**Task:** An exact transcription of all the data is required; the pictures are to be left out.

**Data extract:**
####
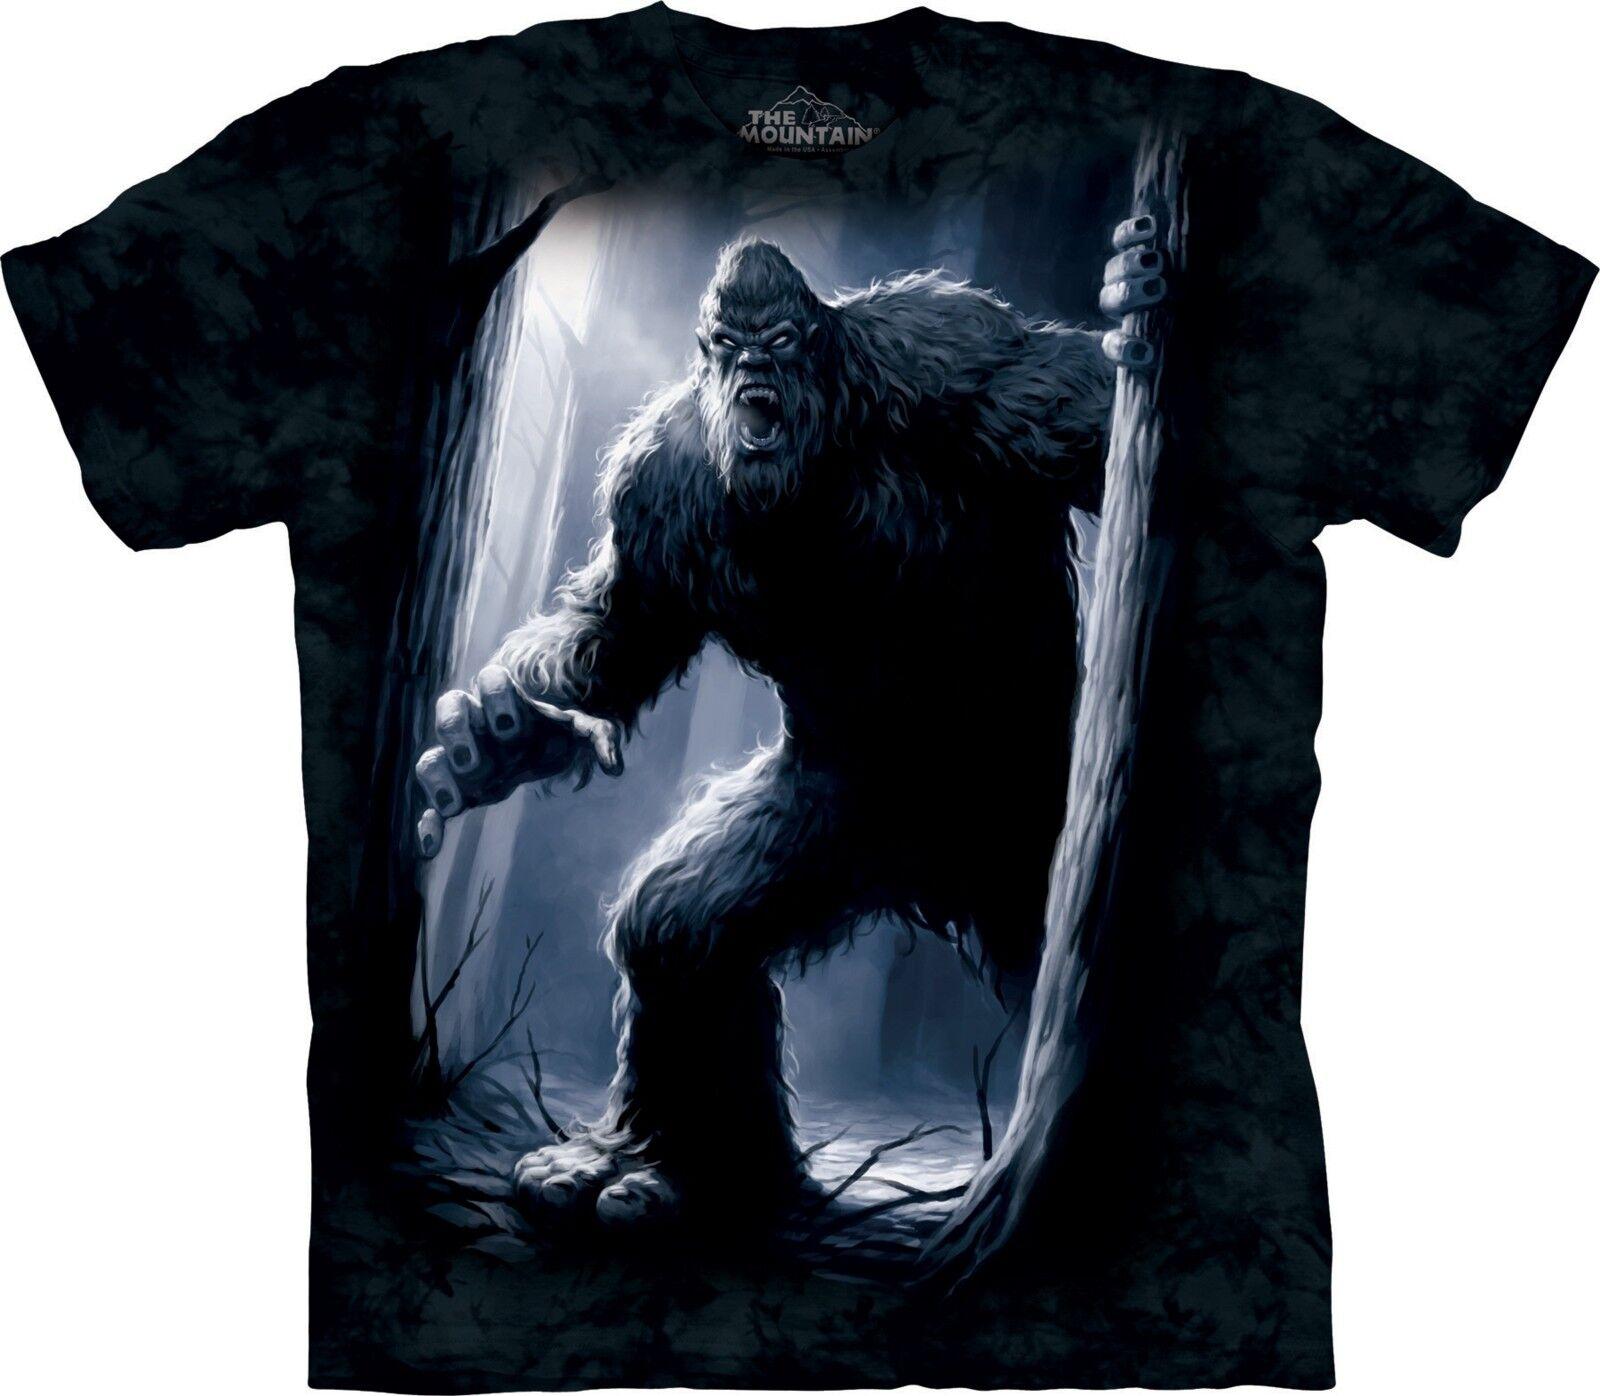 Sasquatch Fantasy T Shirt Adult Unisex The Mountain Skulbone
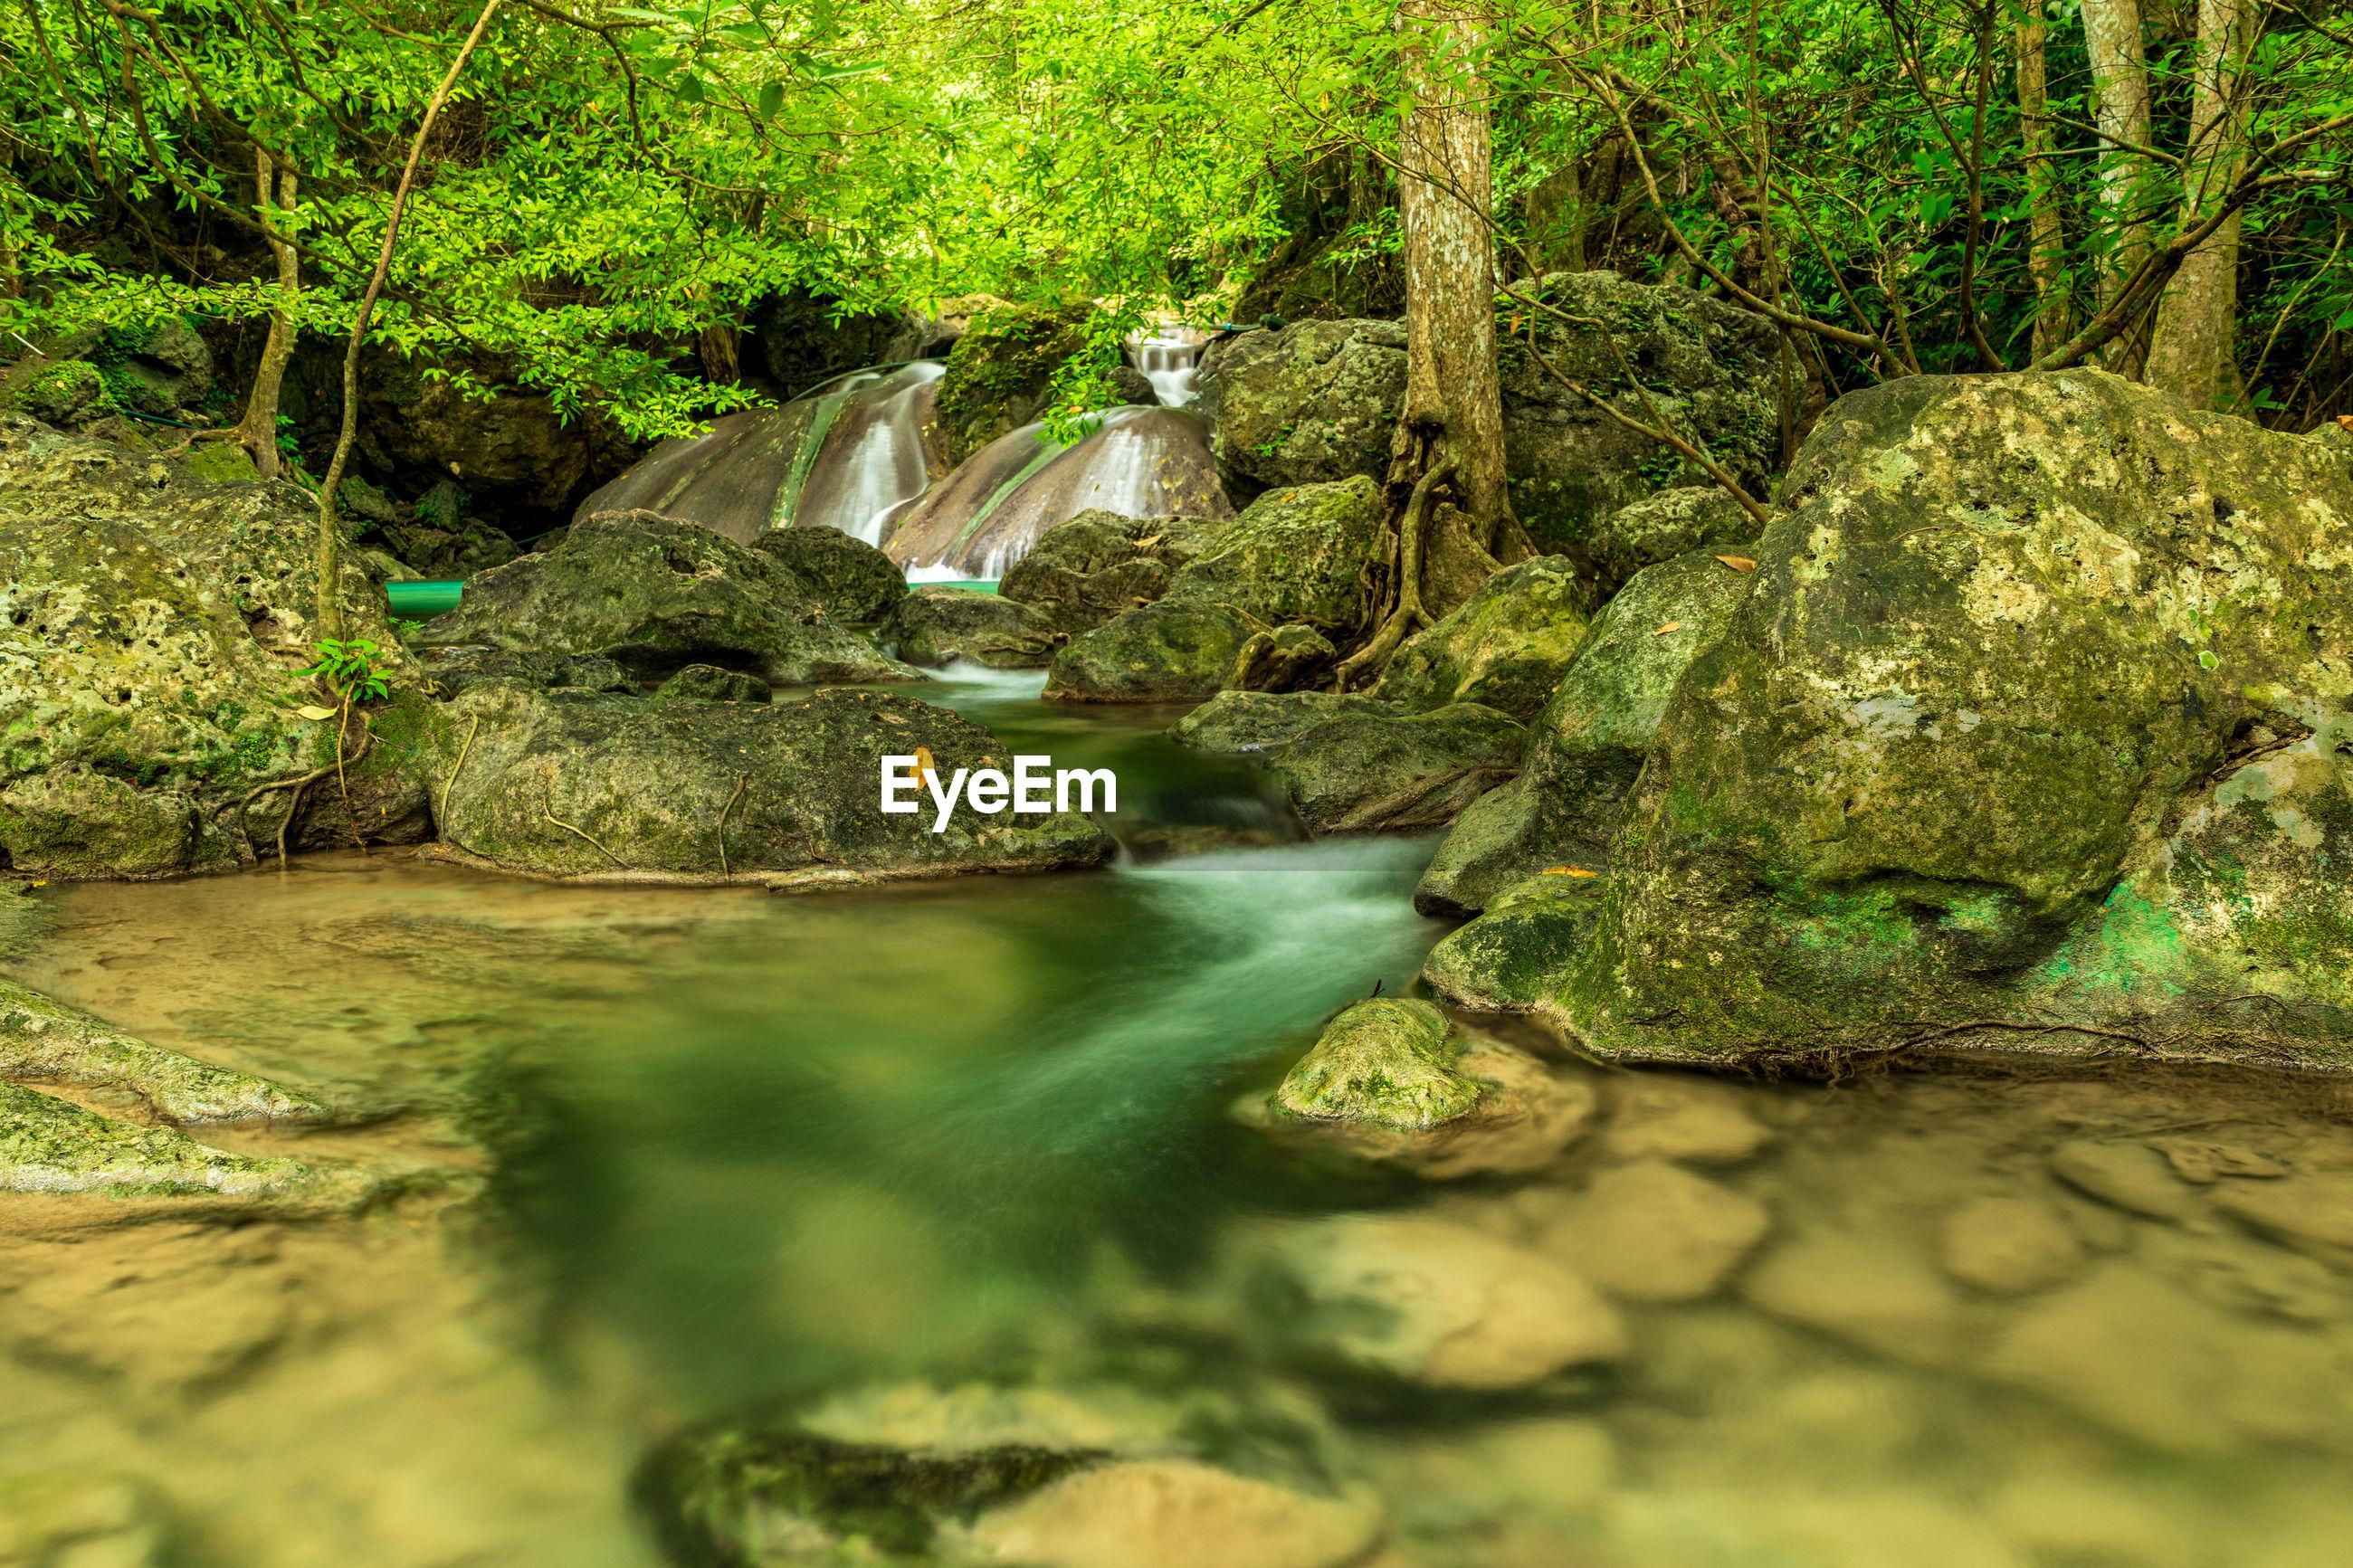 Erawan waterfall in rain forest at national park,thailand.
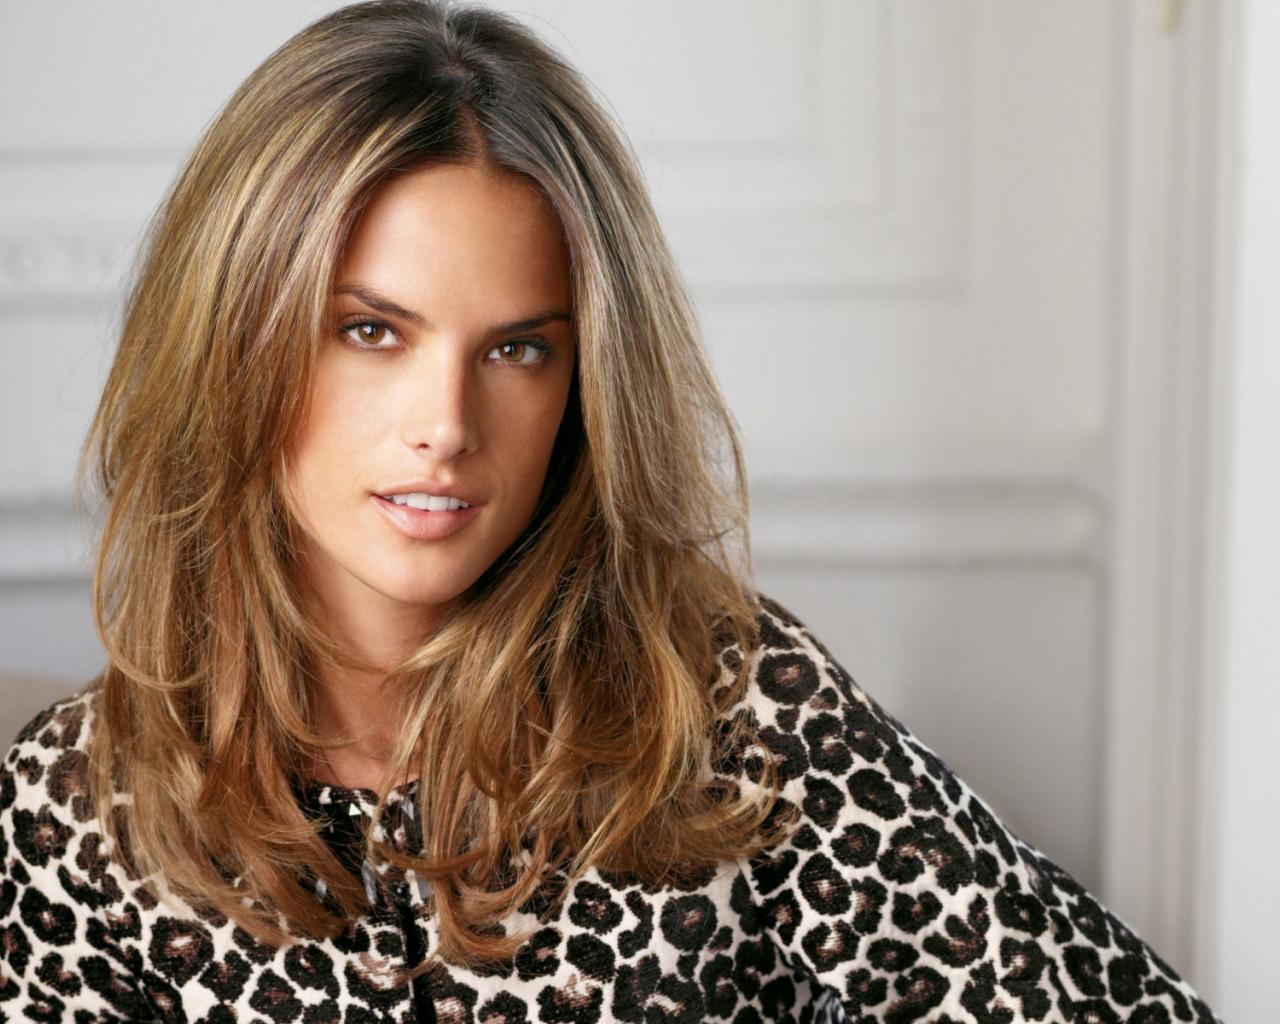 http://1.bp.blogspot.com/-OeAHMLc_x10/Tw6CWFbvPUI/AAAAAAAACBc/N-tT0QnNsqE/s1600/Alessandra-Ambrosio-funny-photos.jpg
####
**Written response:**
 Sasquatch Fantasy T Shirt Adult Unisex The Mountain Skulbone
 Erawan waterfall in rain forest at national park,thailand.
 http://1.bp.blogspot.com/-OeAHMLc_x10/Tw6CWFbvPUI/AAAAAAAACBc/N-tT0QnNsqE/s1600/Alessandra-Ambrosio-funny-photos.jpg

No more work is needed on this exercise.